ACTIVITY –
Here are some records. Repeat them all exactly.
▼
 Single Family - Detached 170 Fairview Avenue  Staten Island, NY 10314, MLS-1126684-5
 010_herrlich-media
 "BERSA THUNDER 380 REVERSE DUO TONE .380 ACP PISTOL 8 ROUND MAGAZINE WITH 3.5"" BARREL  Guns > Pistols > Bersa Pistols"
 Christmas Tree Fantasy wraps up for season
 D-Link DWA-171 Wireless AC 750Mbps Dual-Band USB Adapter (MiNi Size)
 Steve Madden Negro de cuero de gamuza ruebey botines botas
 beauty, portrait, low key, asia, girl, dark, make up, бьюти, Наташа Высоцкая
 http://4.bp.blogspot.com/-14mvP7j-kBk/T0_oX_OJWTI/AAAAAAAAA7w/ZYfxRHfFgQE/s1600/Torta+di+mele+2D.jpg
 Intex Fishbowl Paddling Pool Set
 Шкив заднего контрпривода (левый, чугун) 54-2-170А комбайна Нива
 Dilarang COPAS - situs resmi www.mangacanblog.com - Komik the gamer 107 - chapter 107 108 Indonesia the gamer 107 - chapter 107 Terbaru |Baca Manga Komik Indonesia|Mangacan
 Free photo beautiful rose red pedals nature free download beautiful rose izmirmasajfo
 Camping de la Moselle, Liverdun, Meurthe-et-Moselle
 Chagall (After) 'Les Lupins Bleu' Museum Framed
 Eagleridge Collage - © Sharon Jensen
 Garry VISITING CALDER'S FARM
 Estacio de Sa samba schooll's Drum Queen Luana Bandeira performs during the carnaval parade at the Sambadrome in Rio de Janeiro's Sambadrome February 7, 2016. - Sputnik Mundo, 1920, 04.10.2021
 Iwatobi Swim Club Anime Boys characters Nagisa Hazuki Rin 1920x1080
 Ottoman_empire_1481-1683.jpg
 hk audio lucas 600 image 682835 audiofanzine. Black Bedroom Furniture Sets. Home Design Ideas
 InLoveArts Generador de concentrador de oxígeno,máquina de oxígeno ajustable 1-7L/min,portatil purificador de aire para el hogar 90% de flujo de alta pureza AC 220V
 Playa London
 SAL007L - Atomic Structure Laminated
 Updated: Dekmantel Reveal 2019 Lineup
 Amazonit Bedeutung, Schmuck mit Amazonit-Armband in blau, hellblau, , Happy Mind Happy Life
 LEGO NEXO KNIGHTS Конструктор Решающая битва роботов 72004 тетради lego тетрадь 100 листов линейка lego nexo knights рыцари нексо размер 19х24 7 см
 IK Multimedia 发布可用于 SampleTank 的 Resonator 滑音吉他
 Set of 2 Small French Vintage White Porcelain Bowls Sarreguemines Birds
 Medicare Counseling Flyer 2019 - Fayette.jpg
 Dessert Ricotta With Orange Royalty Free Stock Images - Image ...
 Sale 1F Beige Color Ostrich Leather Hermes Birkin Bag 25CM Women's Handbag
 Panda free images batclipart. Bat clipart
▲
TASK RESULT –
 Single Family - Detached 170 Fairview Avenue  Staten Island, NY 10314, MLS-1126684-5
 010_herrlich-media
 "BERSA THUNDER 380 REVERSE DUO TONE .380 ACP PISTOL 8 ROUND MAGAZINE WITH 3.5"" BARREL  Guns > Pistols > Bersa Pistols"
 Christmas Tree Fantasy wraps up for season
 D-Link DWA-171 Wireless AC 750Mbps Dual-Band USB Adapter (MiNi Size)
 Steve Madden Negro de cuero de gamuza ruebey botines botas
 beauty, portrait, low key, asia, girl, dark, make up, бьюти, Наташа Высоцкая
 http://4.bp.blogspot.com/-14mvP7j-kBk/T0_oX_OJWTI/AAAAAAAAA7w/ZYfxRHfFgQE/s1600/Torta+di+mele+2D.jpg
 Intex Fishbowl Paddling Pool Set
 Шкив заднего контрпривода (левый, чугун) 54-2-170А комбайна Нива
 Dilarang COPAS - situs resmi www.mangacanblog.com - Komik the gamer 107 - chapter 107 108 Indonesia the gamer 107 - chapter 107 Terbaru |Baca Manga Komik Indonesia|Mangacan
 Free photo beautiful rose red pedals nature free download beautiful rose izmirmasajfo
 Camping de la Moselle, Liverdun, Meurthe-et-Moselle
 Chagall (After) 'Les Lupins Bleu' Museum Framed
 Eagleridge Collage - © Sharon Jensen
 Garry VISITING CALDER'S FARM
 Estacio de Sa samba schooll's Drum Queen Luana Bandeira performs during the carnaval parade at the Sambadrome in Rio de Janeiro's Sambadrome February 7, 2016. - Sputnik Mundo, 1920, 04.10.2021
 Iwatobi Swim Club Anime Boys characters Nagisa Hazuki Rin 1920x1080
 Ottoman_empire_1481-1683.jpg
 hk audio lucas 600 image 682835 audiofanzine. Black Bedroom Furniture Sets. Home Design Ideas
 InLoveArts Generador de concentrador de oxígeno,máquina de oxígeno ajustable 1-7L/min,portatil purificador de aire para el hogar 90% de flujo de alta pureza AC 220V
 Playa London
 SAL007L - Atomic Structure Laminated
 Updated: Dekmantel Reveal 2019 Lineup
 Amazonit Bedeutung, Schmuck mit Amazonit-Armband in blau, hellblau, , Happy Mind Happy Life
 LEGO NEXO KNIGHTS Конструктор Решающая битва роботов 72004 тетради lego тетрадь 100 листов линейка lego nexo knights рыцари нексо размер 19х24 7 см
 IK Multimedia 发布可用于 SampleTank 的 Resonator 滑音吉他
 Set of 2 Small French Vintage White Porcelain Bowls Sarreguemines Birds
 Medicare Counseling Flyer 2019 - Fayette.jpg
 Dessert Ricotta With Orange Royalty Free Stock Images - Image ...
 Sale 1F Beige Color Ostrich Leather Hermes Birkin Bag 25CM Women's Handbag
 Panda free images batclipart. Bat clipart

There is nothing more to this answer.